As discussed above, there is a huge abundance of data. However, there aren’t enough resources to convert this data into useful products.
That is, there aren’t enough people who possess the required skills to help companies utilize the potential that data holds. Due to this reason, there is a dearth in the supply of Data Scientists.
Much of this is contributed by the infancy of Data Science as a field. There is a lack of ‘data-literacy’ in the market. In order to fill this vacuum in supply, you need to learn Data Science and its underlying fields.
Data Science is not a standalone field. It is comprised of several sub-fields. These subfields are Statistics, Mathematics, Computer Science and Core Knowledge. Data Science offers a steep learning curve and is difficult to master.
However, with the right resources and direction, one can undertake the journey of mastering Data Science.
A great data science product is like a meal composed of data as its raw ingredient, tools like programming languages used to cook the meal and the foundational knowledge of statistics & math as its recipe
2.1 How to Cover the Skill-Gap?
To assuage the high demand, people should direct their attention towards learning the necessary skills that will help them to take up Data Science as a prospective career. While there are many resources and books on the internet, it is impossible to digest everything all together.

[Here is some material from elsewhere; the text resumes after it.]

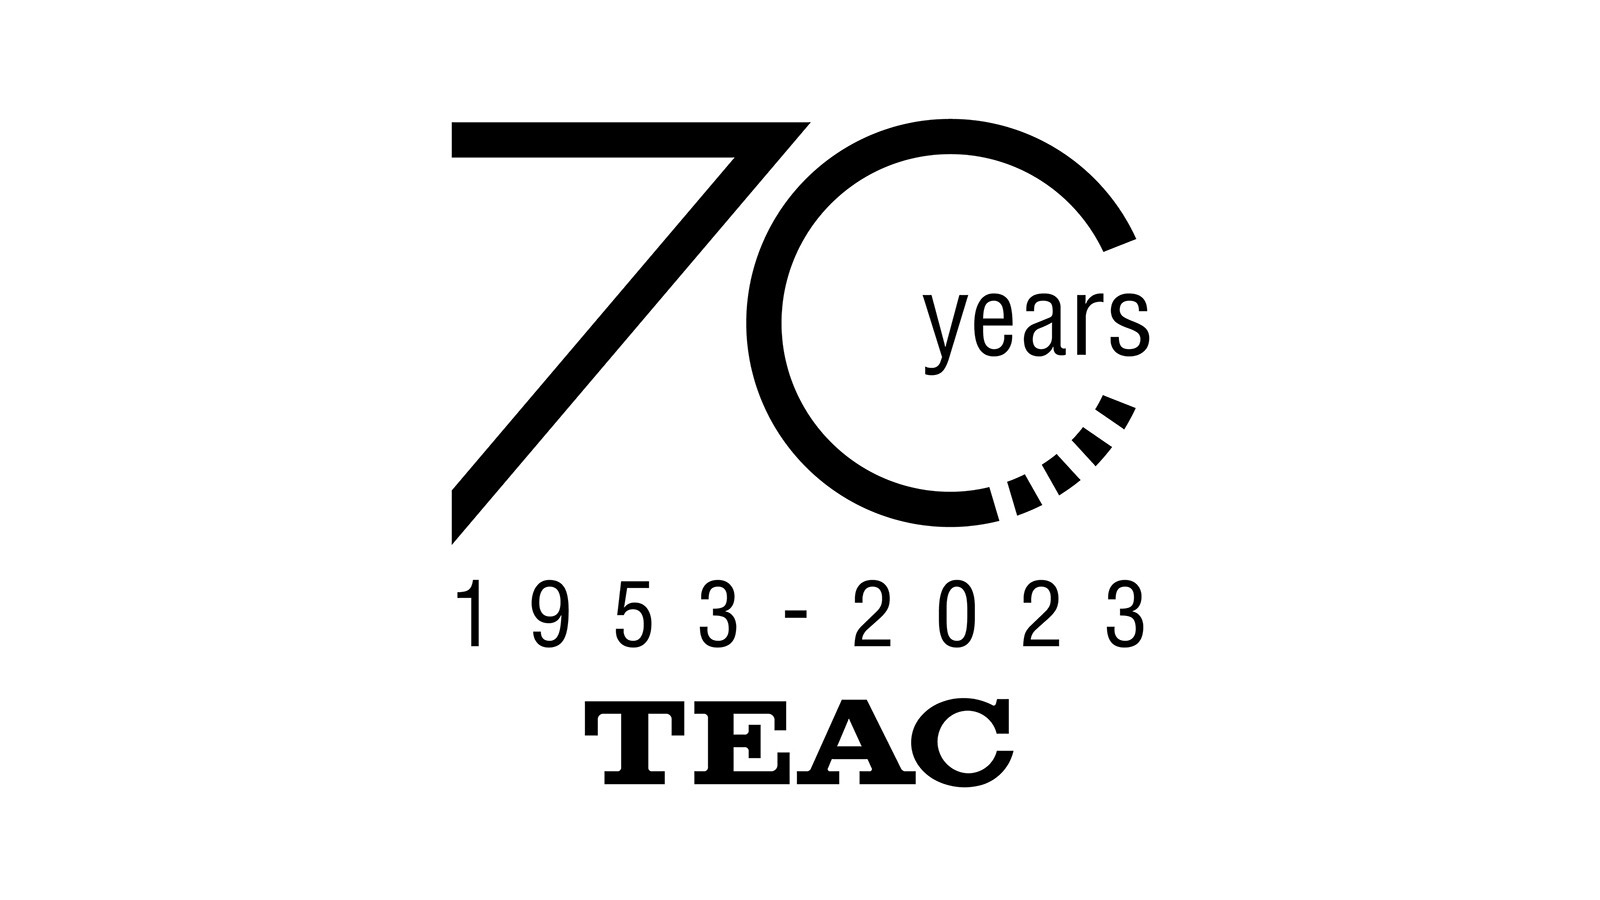 TEAC 70th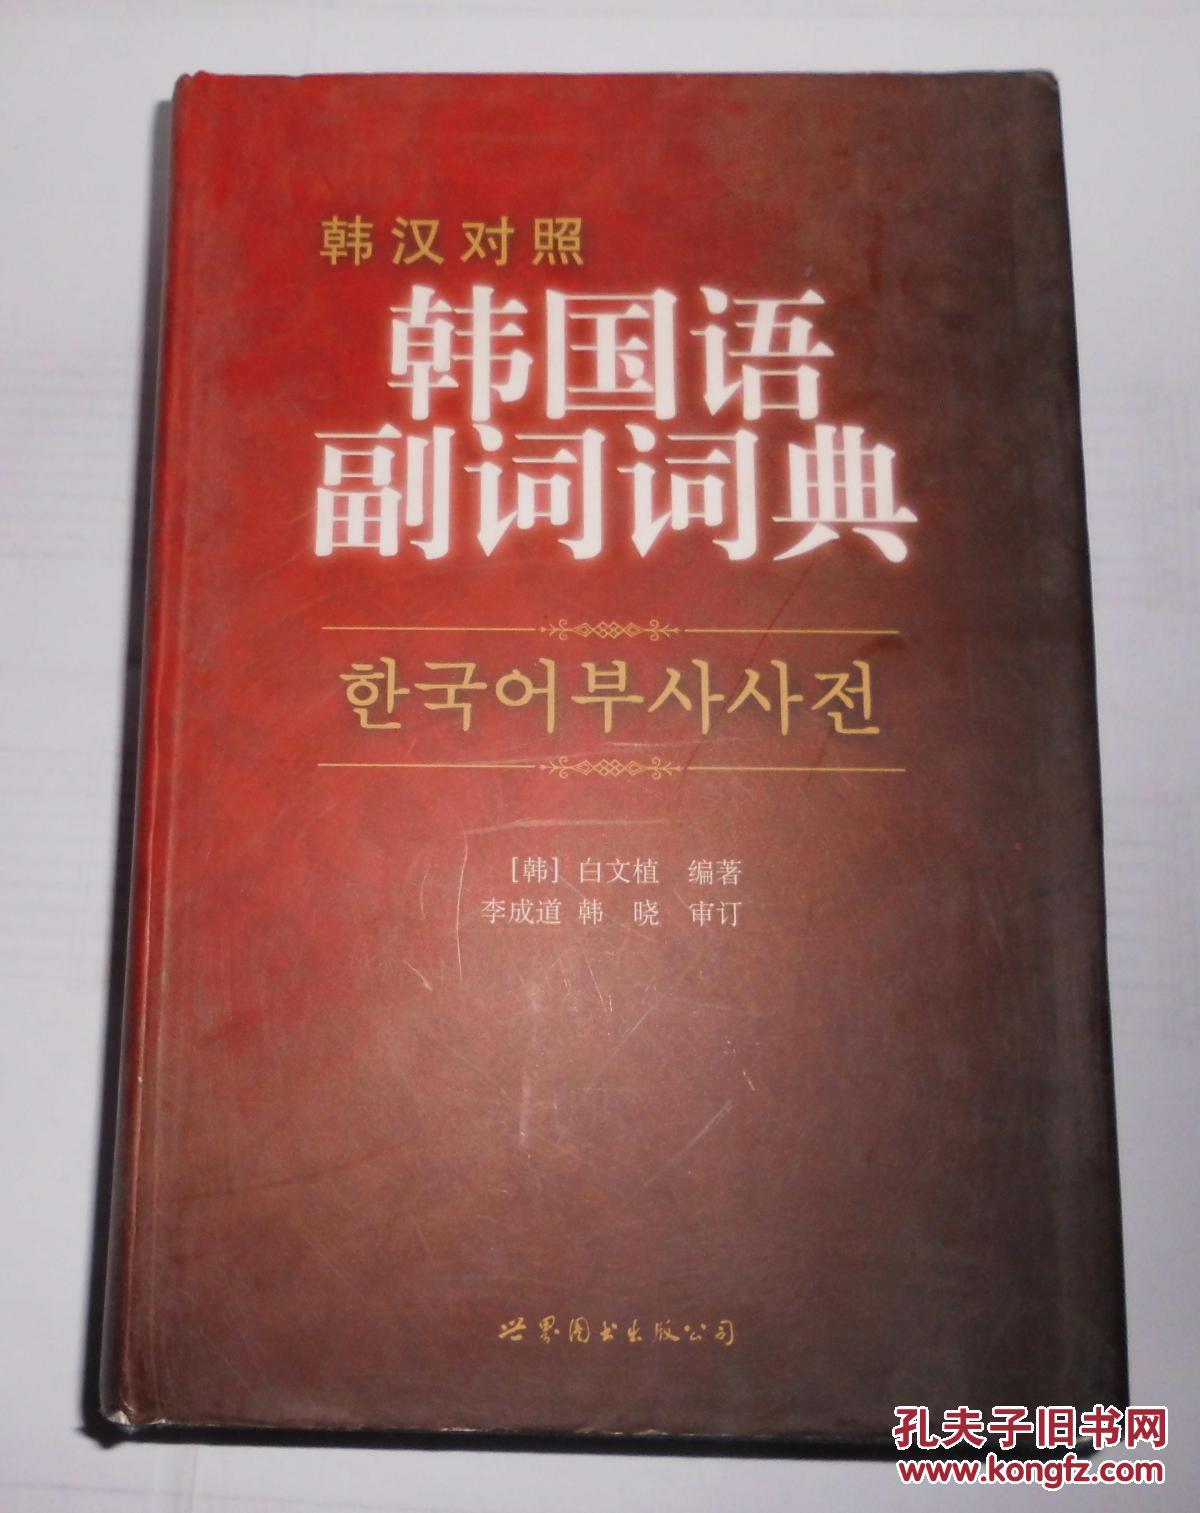 韩国语副词词典 (韩汉对照)  (韩国语) 精装 世界图书出版公司

Therefore, people must curate a path and do away with all the necessary clutter to have practical insights about Data Science.
To create a refined data product, we need refined and polished skills. This comes with a combination of knowledge and experience. Since Data Science is a recent field and therefore experience can take a back seat. However, it is built upon existing knowledge of math and statistics that one must know about.
Data Science is about the implementation of this knowledge through several tools and programming languages. Therefore, one must also possess the skills of a computer scientist. Data Science in simple words can be termed as applied statistics without computer science.
Proficiency of these tools is a must since you need to express your knowledge in the right manner. It is, therefore, an utmost necessity to learn all the subfields of Data Science in order to grasp the trends hiding in the data.
There is a pressing need to fill the skill gap in order to churn out Data Scientists required by industries for their versatile applications. Therefore, we can best conclude that learning Data Science is not just about one topic but a collection of various topics ranging from Statistics to Computer Science.